M. le ministre de la justice (M. Bara). - Le gouvernement sera à la disposition du Sénat lorsque cette assemblée abordera le Code pénal ; quant à détacher de ce Code les articles sur la coalition, je n'y vois pas d'inconvénients ; mais si le Sénat voulait aborder incessamment la discussion du Code pénal, il me semble qu'il ne serait peut-être pas nécessaire de donner suite à la demande de M. Guillery. Si, au contraire, le Sénat croyait devoir retarder la discussion du Code pénal, je serais disposé à faire des articles relatifs aux coalitions, l'objet d'une loi spéciale.
M. Guillery a attaqué vivement le Code pénal militaire. Ce Code est un objet mixte qui dépend en partie du département de la guerre et en partie du département de la justice, et la réforme que M. Guillery demande est excessivement importante ; comme M. Guillery lui-même le disait tout à l'heure, dans un pays où il n'y a pas de conseil d'Etat, il est fort difficile de faire toutes les lois qu'on réclame ; néanmoins je chercherai à m'entendre avec le département de la guerre pour arriver à une révision de cette importante partie de notre législation. Je reconnais avec M. Guillery qu'il y a dans le Code pénal militaire des dispositions odieuses contre lesquelles tout le monde proteste, et certainement si d'autres objets plus importants n'avaient préoccupé le gouvernement jusqu'à présent, je suis convaincu qu'il aurait déjà présenté un projet de réforme du Code pénal militaire. Déjà énormément de travaux sont soumis à la Chambre, et il est difficile de faire tout à la fois.
Je crois, messieurs, avoir répondu à toutes les observations spéciales qui ont été faites par les honorables membres.

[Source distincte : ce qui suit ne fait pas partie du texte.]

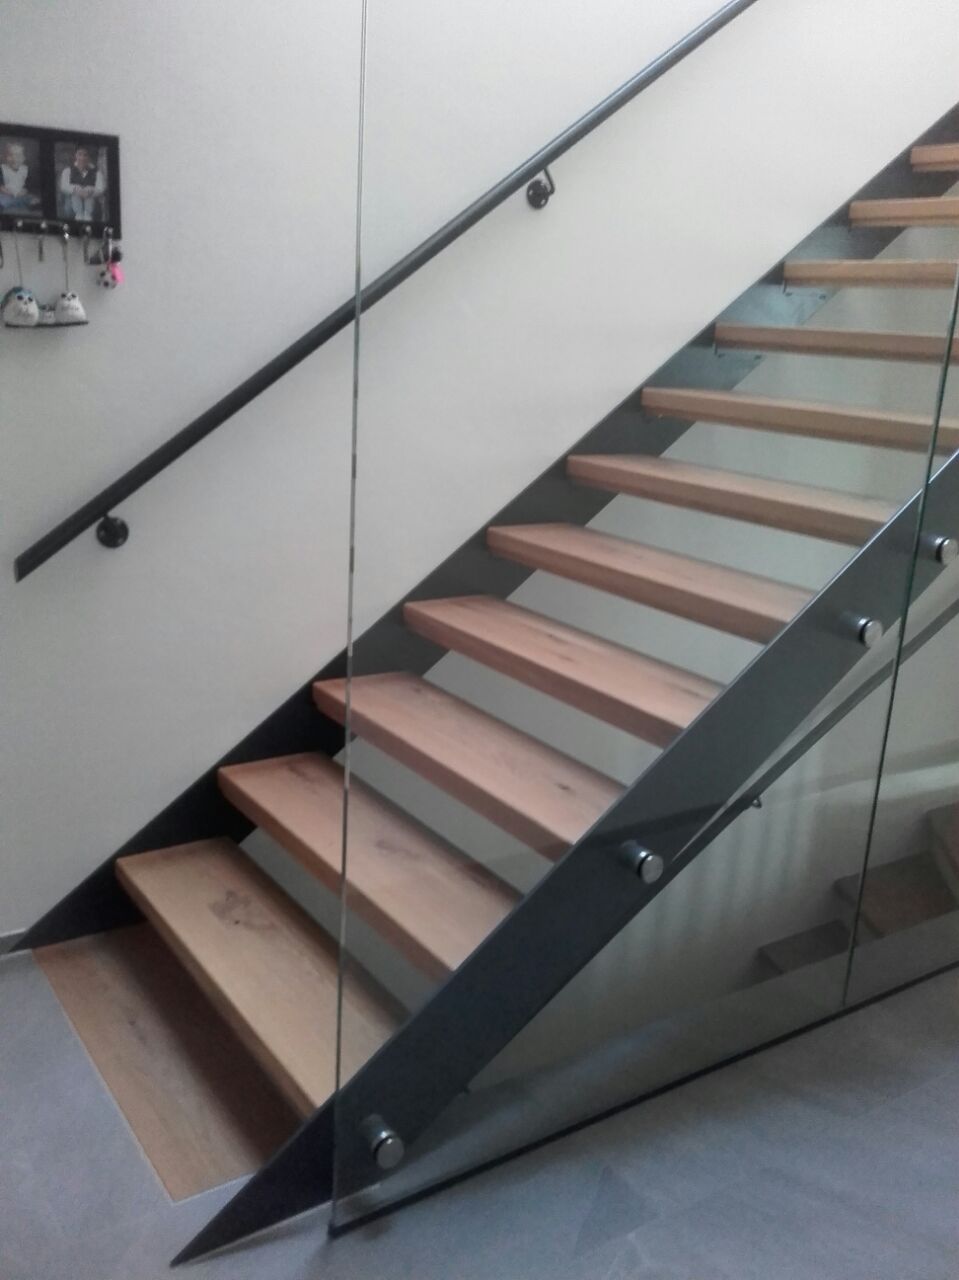 Treppe mit Wangen aus Metall, die Stufen sind aus Holz gefertigt. Rechts als Absturzsicherung deckenhohe Glasscheiben

Cependant, comme nous sommes à la discussion du chapitre II relatif à l'ordre judiciaire, je dois faire encore une déclaration à la Chambre : le gouvernement soumettra sous peu à la signature royale un projet de loi créant une cinquième chambre au tribunal de première instance de Bruxelles. Vous vous souvenez, messieurs, que l'année dernière M. le ministre de la justice a déclaré qu'il soumettrait à l'examen de son département la question de savoir s'il y avait lieu d'augmenter d'une chambre le tribunal de première instance de Bruxelles. Mais mon honorable prédécesseur s'est livré à cet examen, et le résultat de cette étude a été la conviction qu'il y avait lieu de décréter l'augmentation dont je viens de parler.
Aussi, messieurs, c'est avec le plus grand plaisir que j'aurai l'honneur de soumettre à la signature royale le projet de loi destiné à consacrer cette mesure.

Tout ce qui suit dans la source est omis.